Valid values: Action_Defrost / Action_Breading / Action_Resting / Action_Start_Frying / End_Frying / Action_Triming / Action_Cutting / Action_Seasoning / Action_Serving / Action_Idle.
If no clear food-operation action is detected, output Action_Idle.
### 2. quality_status (REQUIRED — "" if not applicable)
### 2. quality_status
Choose based on the action:
- Action_Breading: fully_covered | uneven
- Action_Resting: stacked | qualified
- Action_Start_Frying / End_Frying: standard_time | early_retrieval | overcooked | double_fried
- Action_Cutting: complete_cut | linked | dusted_before_cut
- Action_Seasoning: coverage_high | missed | single_side_dusted
- Other actions: qualified
If no ingredient is visible or the action has no applicable status, output an empty string.
- Action_Breading → fully_covered | uneven
### 3. error_type
Short description of legacy SOP operation anomaly only. Examples: dusted_before_cut, single_side_dusted, double_fried.
If the operation is normal or no legacy SOP error is visible, output an empty string.
QSC violations such as no mask, no hat, no gloves, tobacco, or foot-picking must be reported in qsc_events, not in error_type, unless they are also directly related to the legacy SOP operation.
- Action_Resting → stacked | qualified
### 4. 安全隐患
Chinese description of visible safety hazards in the scene. Example: 油锅附近有易燃物. If none, output an empty string.
- Action_Start_Frying / End_Frying → standard_time | early_retrieval | overcooked | double_fried
### 5. 人物位置
Chinese sentence describing where people are and how they are moving. Example: 员工在油锅边操作,顾客在收银台前等待. If no people are visible, output an empty string.
- Action_Cutting → complete_cut | linked | dusted_before_cut
### 6. 总结
Chinese sentence summarizing the scene and visible person count. Example: 画面中有2人1名员工在操作台处理食物1名顾客在收银台前等待. If no people are visible, output 无.
- Action_Seasoning → coverage_high | missed | single_side_dusted
### 7. 时间
The timestamp overlaid on the original video frame, in format YYYY-MM-DD HH:MM:SS. If the timestamp is not visible or cannot be read, output an empty string.
- Other actions → qualified
### 8. employees
Array of employee objects. If no employees are visible, output [].
Each employee object must contain:
- status: 1 if working at equipment, food, packing, counter, or operation table; 2 if standing idle, waiting, or passing by
- warning: 0 if no visible hazard; 1 if hazard present
- position: one of YZL_1 / LCCZT_1 / SYJ / DPL / BSZSG / DCGZT / KLJ / UNKNOWN
Position codes: YZL_1 = oil fryer area; LCCZT_1 = cooling or operation table; SYJ = cashier/register; DPL = electric fryer area; BSZSG = display cabinet; DCGZT = sink/washing area; KLJ = cola/drink machine; UNKNOWN = employee visible but position cannot be classified.

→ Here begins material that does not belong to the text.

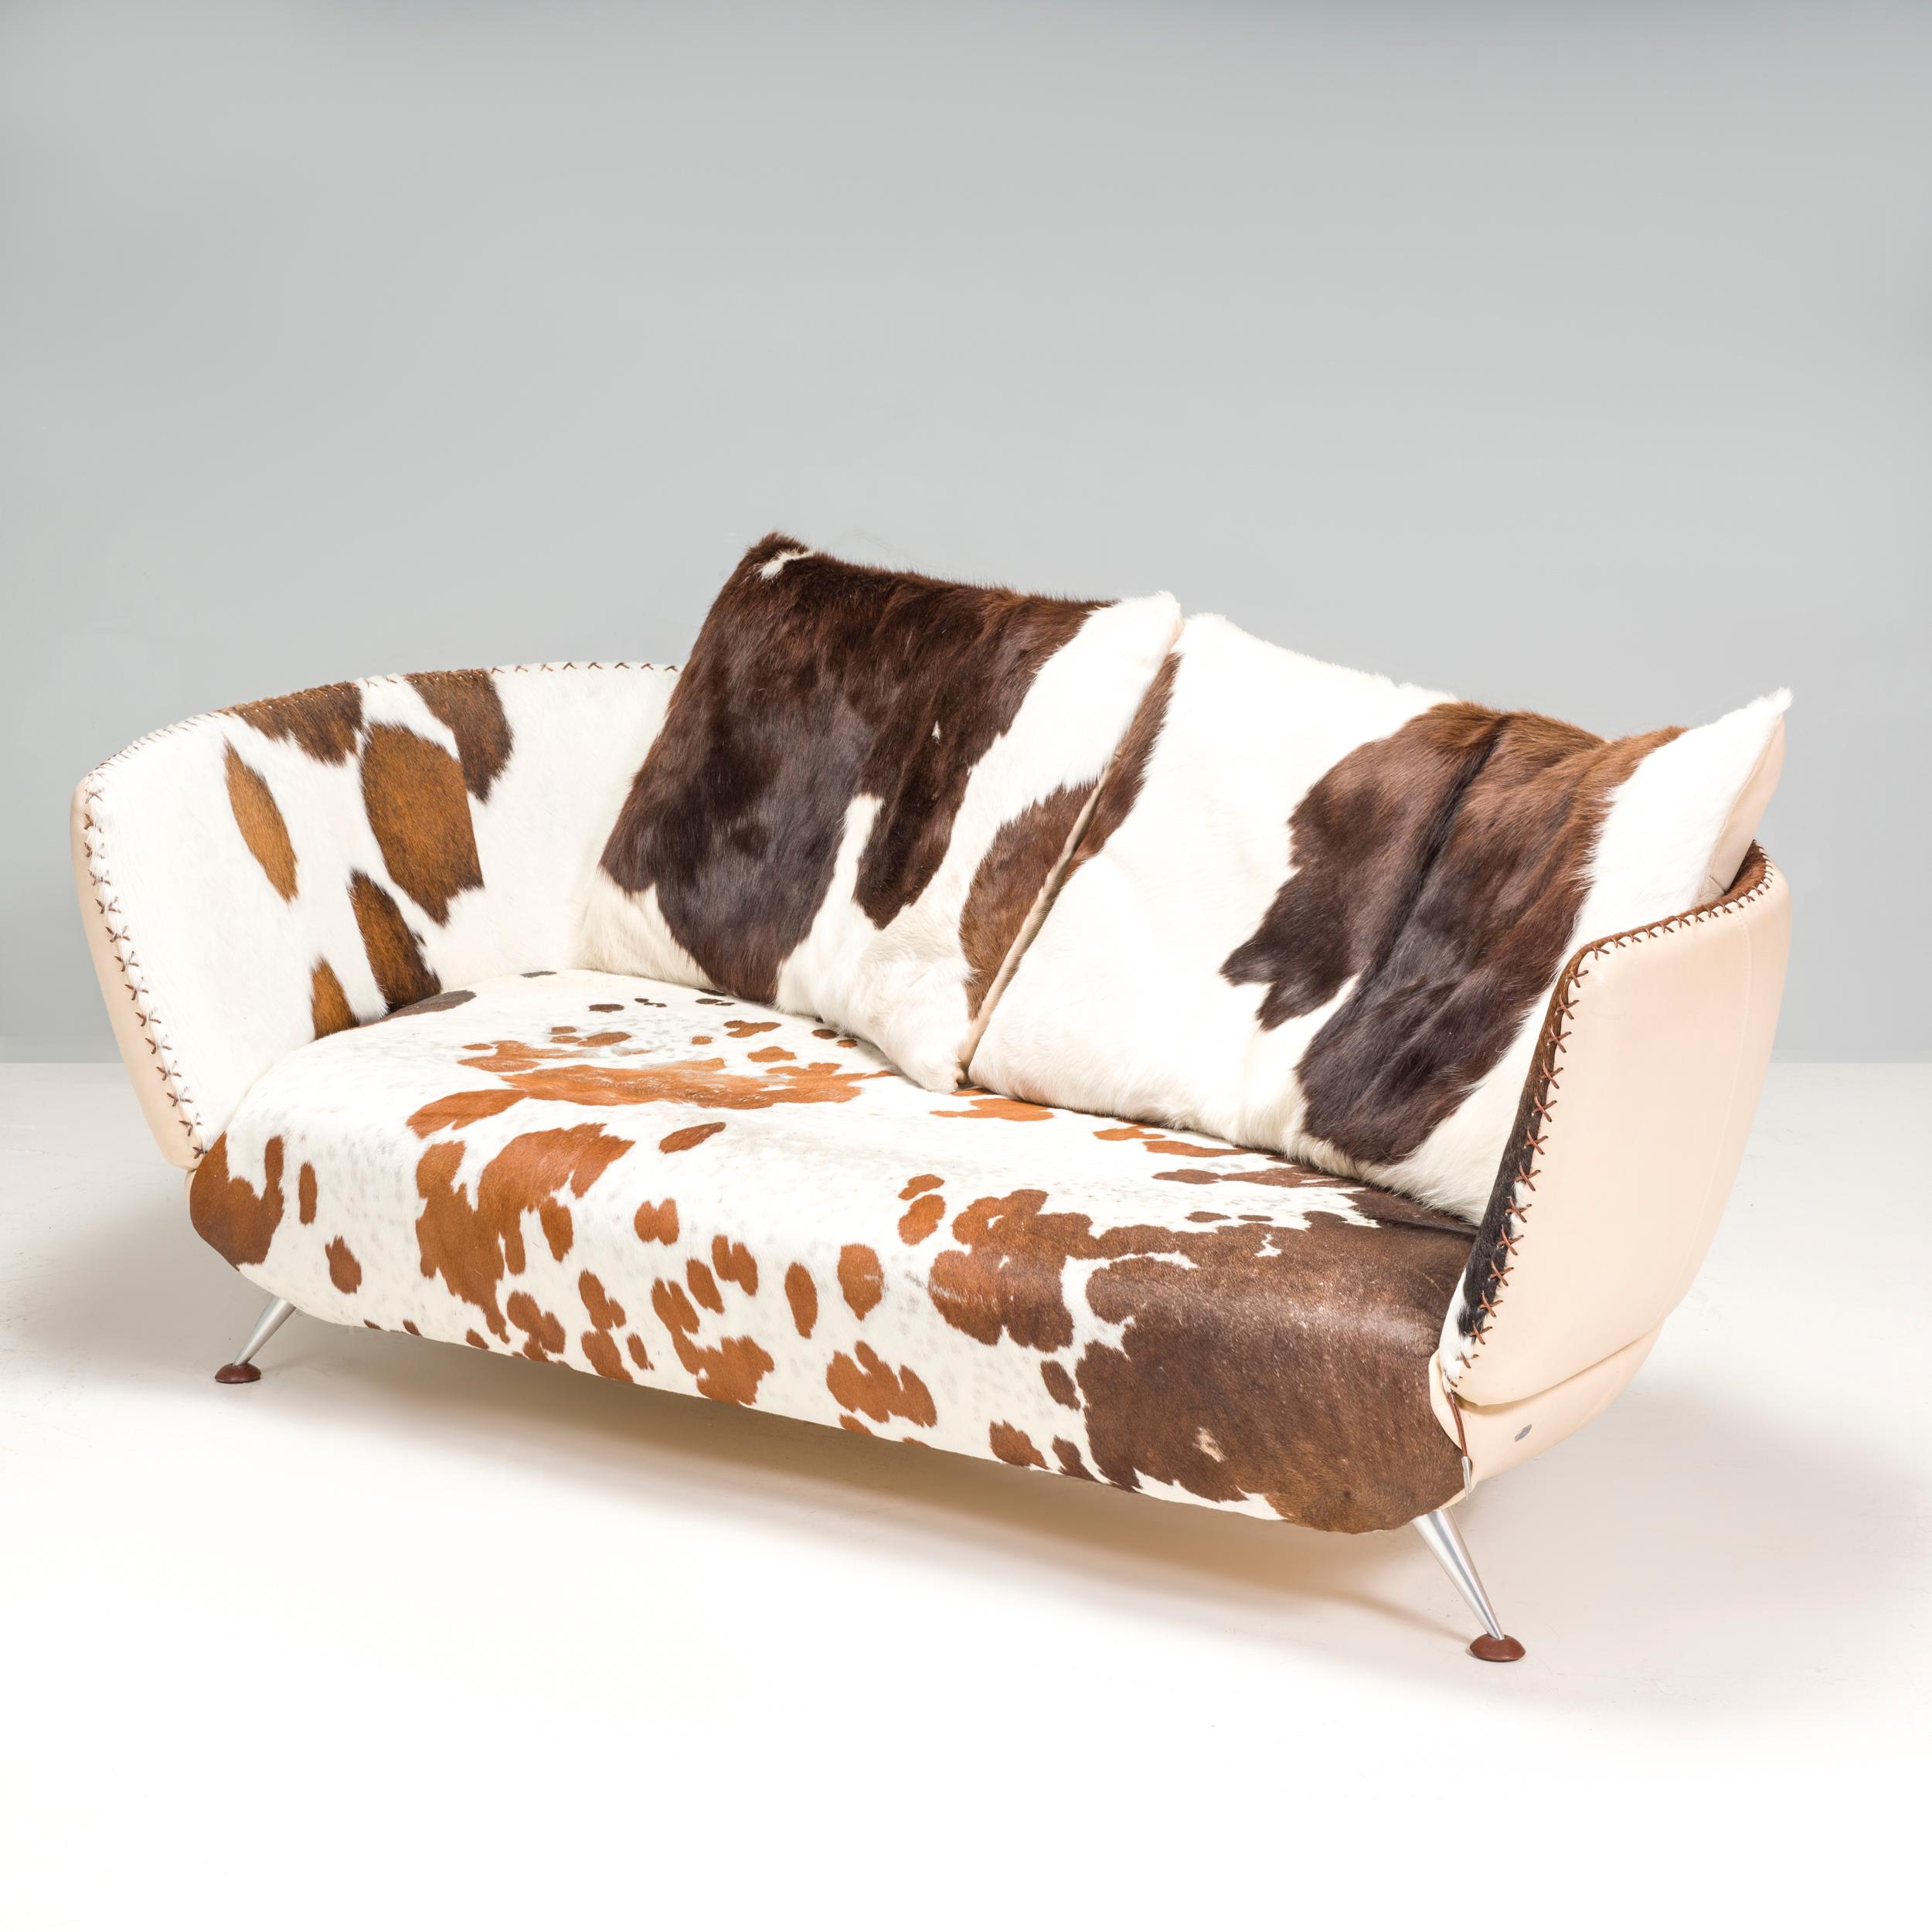 Das von Mathias Hoffman für De Sede entworfene De Sede DS-102 ist ein Dreisitzer-Sofa mit einem wunderschönen Ponyfell in verschiedenen Farbtönen. Der cremefarbene Lederrücken des Sofas ergänzt die braune Musterung der Haut und trägt zum modernen

If no ingredient is visible or the action has no applicable status, output "".
### 9. guests
Array with the existing mixed-key schema. If no guests are visible, output [].
- First element is queue-level object only: {"warning": "0" or "1"}. 1 means queue has >= 3 visible guests; 0 means queue has < 3 visible guests.

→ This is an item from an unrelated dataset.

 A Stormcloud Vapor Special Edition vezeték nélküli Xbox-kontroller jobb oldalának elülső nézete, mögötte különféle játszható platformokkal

- Subsequent elements are per-guest objects only: {"status": "0"} at door, {"status": "1"} at register, or {"status": "2"} seated.
### 10. qsc_events
Array of suspected QSC violation events. If no suspected violation is visible, output [].
Detect only the following current-period QSC violations:
### 3. error_type (REQUIRED — "" if no error)
QSC pre-scan rule: Before deciding the main food-operation Action, first scan the entire full-frame image sequence for QSC violations, including people in corners, background, seated/squatting/bending postures, and floor-level foot/shoe areas. QSC events must not be suppressed by a normal food-operation action.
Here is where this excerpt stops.